Workday makes enterprise cloud applications for human resources and finance and recently announced the addition of Workday Recruiting, an end-to-end application to manage the find, engage and selection process for candidates for open positions. Built from the ground up, the application is claimed to seamlessly integrate with Workday Human Capital Management (HCM) to handle everything from sourcing of suitable candidates to successful employment of talent.
Workday claims that its solution creates a clearly defined, and manageable pipeline for hiring teams and team leaders. Aproximately 70 companies have already started working with Workday Recruiting, including Equifax, McKee Foods, and Noble Drilling Services.
“Workday Recruiting looks, feels, and functions unlike anything in the market, because it was built to benefit every person involved in the hiring process. Whether it’s an applicant on the bus, a manager at their desk, or an executive in the boardroom, the application enables candidates and hiring teams to take action no matter where they are,” said Leighanne Levensaler, vice president of human capital management products, Workday. “Workday Recruiting is woven into the fabric of Workday HCM – seamlessly a part of all people practices and analytics, including the ability to source and nurture internal and external talent, while offering full transparency into workforce planning.”

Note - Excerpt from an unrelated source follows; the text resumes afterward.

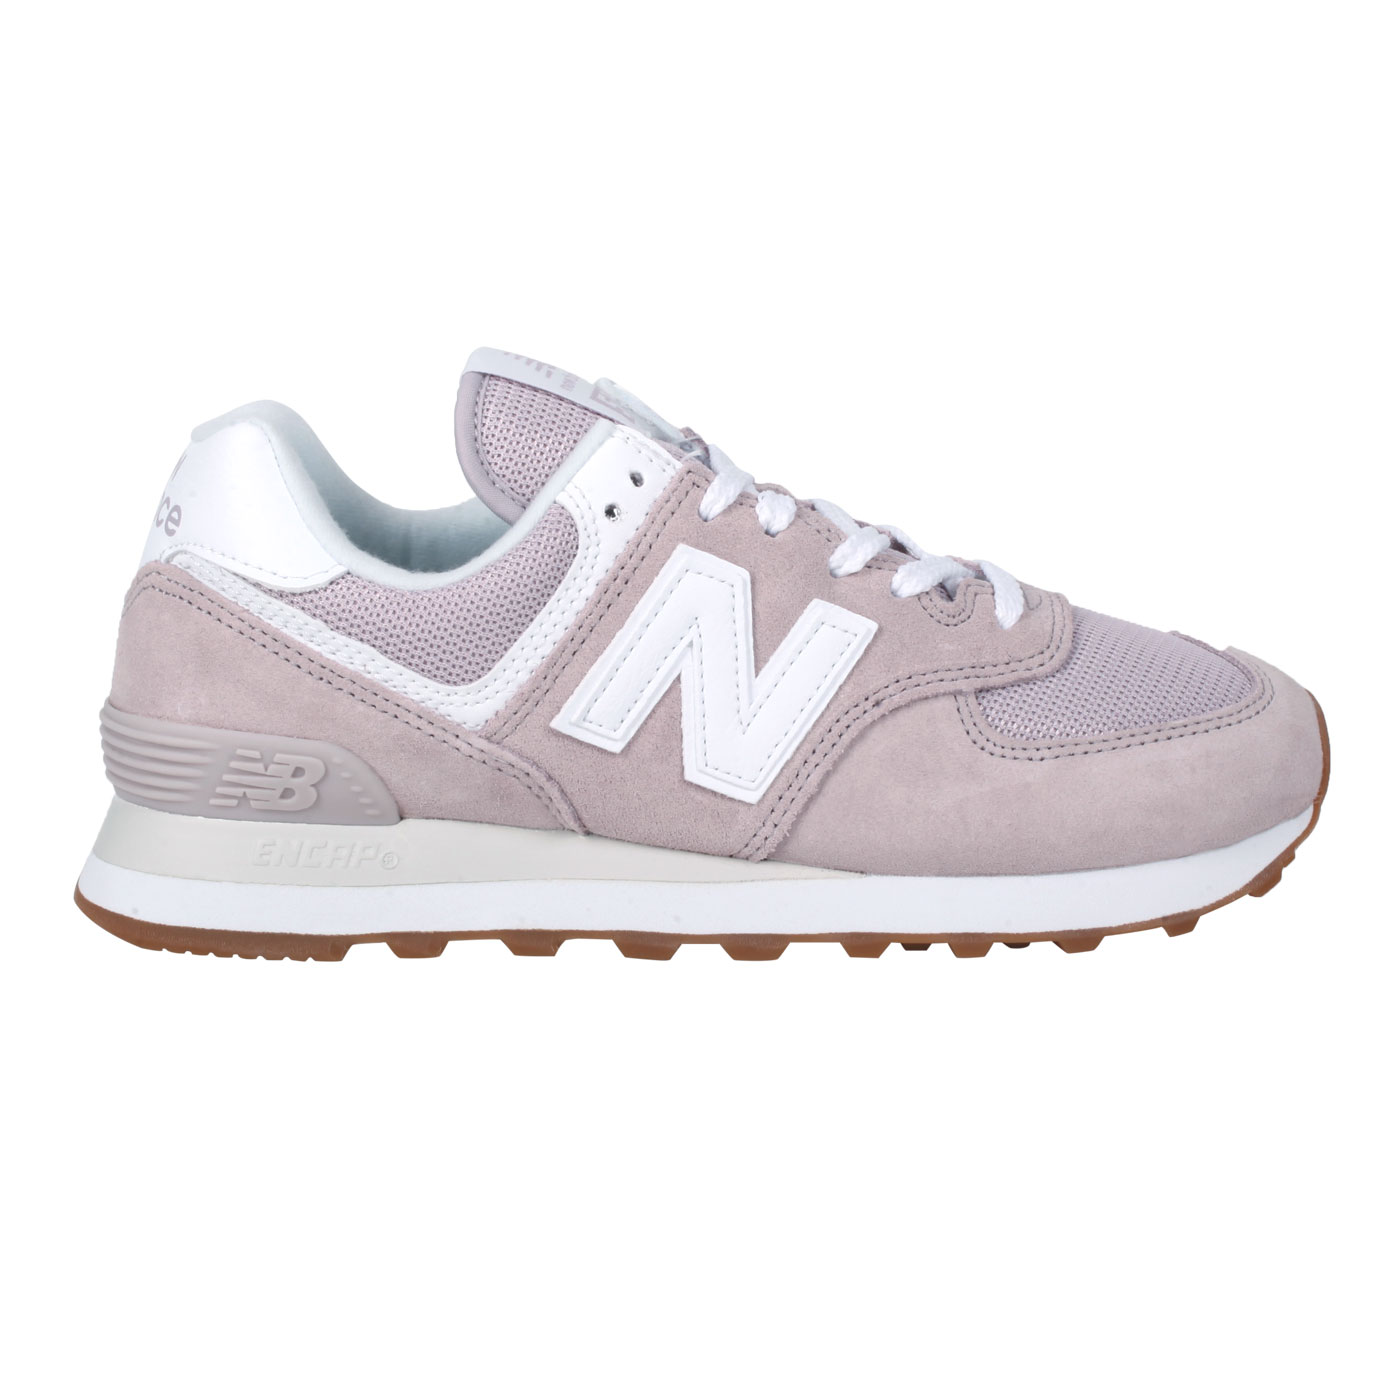 NEW BALANCE 女款休閒運動鞋 WL574PA2 - 芋紫白

Forbes is bullish on this product:
First, many Workday customers use third party products for recruitment (many use Oracle) and often have millions of dollars invested in these platforms. While these products work well, most customers want a solution that is easier to use, more collaborative, and more unified with internal talent processes, which they can now buy from Workday. If Workday executes well, the market for non-Workday recruiting software among Workday customers will dry up.
Second, for companies considering a new HR or talent management platform, this announcement puts Workday in a more favorable competitive position. I’ve talked with many companies who chose Oracle or SuccessFactors because of their end-to-end talent applications. While Workday still does not have an LMS, the availability of recruitment makes Workday a more competitive talent management vendor.
Third, this announcement accelerates the end of the “standalone applicant tracking market” for large enterprises. Oracle (Taleo – the market leading ATS) now bundles its ATS as part of its ERP solution and IBM (Kenexa – another market leading ATS) now includes its ATS as part of its integrated Talent Suite. SuccessFactors (SAP), Infor, PeopleFluent, Sum Total, SilkRoad, CornerstoneOnDemand, Halogen, Saba, and most other talent management software providers now have integrated recruiting systems. This forces the remaining standalone ATS vendors (companies like Jobvite, SmartRecruiters) to focus on mid-market and mid-sized enterprises.
(Remember that nearly every company with more than 100 employees needs recruitment software, so the mid-market remains enormous with lots of opportunities for growth.)
Fourth, a new recruitment ecosystem will be created. There are hundreds of assessment, background checking, advertising, search, mobile recruiting, and analytics vendors in this market. As of today, these vendors will see Workday as an important new platform. They will shift resources toward Workday, driving innovation on the Workday platform.
Acquiring talent, particularly in technology areas of your business, is a highly competitive market. Furthermore, with the advent of social media and sites like LinkedIn, the process has become disjointed and frankly, a mess for all but a handful of large organizations that are geared up for aggressive recruitment.
Often, companies don’t get time to fully vet or manage the recruitment process of technology talent because they are facing a time crunch to bring on any candidate with the minimal skills required to get the job done.
That is why recruitment and staffing firms have become so prevalent, both leveraging the social web to recruit and, often, poach talent, as well as marketing themselves aggressively to potential employers. It’s been a bit of gold rush.
It’s going to be interesting to see how this particular approach ends up being perceived by other HR application vendors. The ideal solution is not one just aimed at the enterprise, but a SaaS based product that meets the needs of the SMB where the greatest recruitment costs occur as a portion of total HR spending.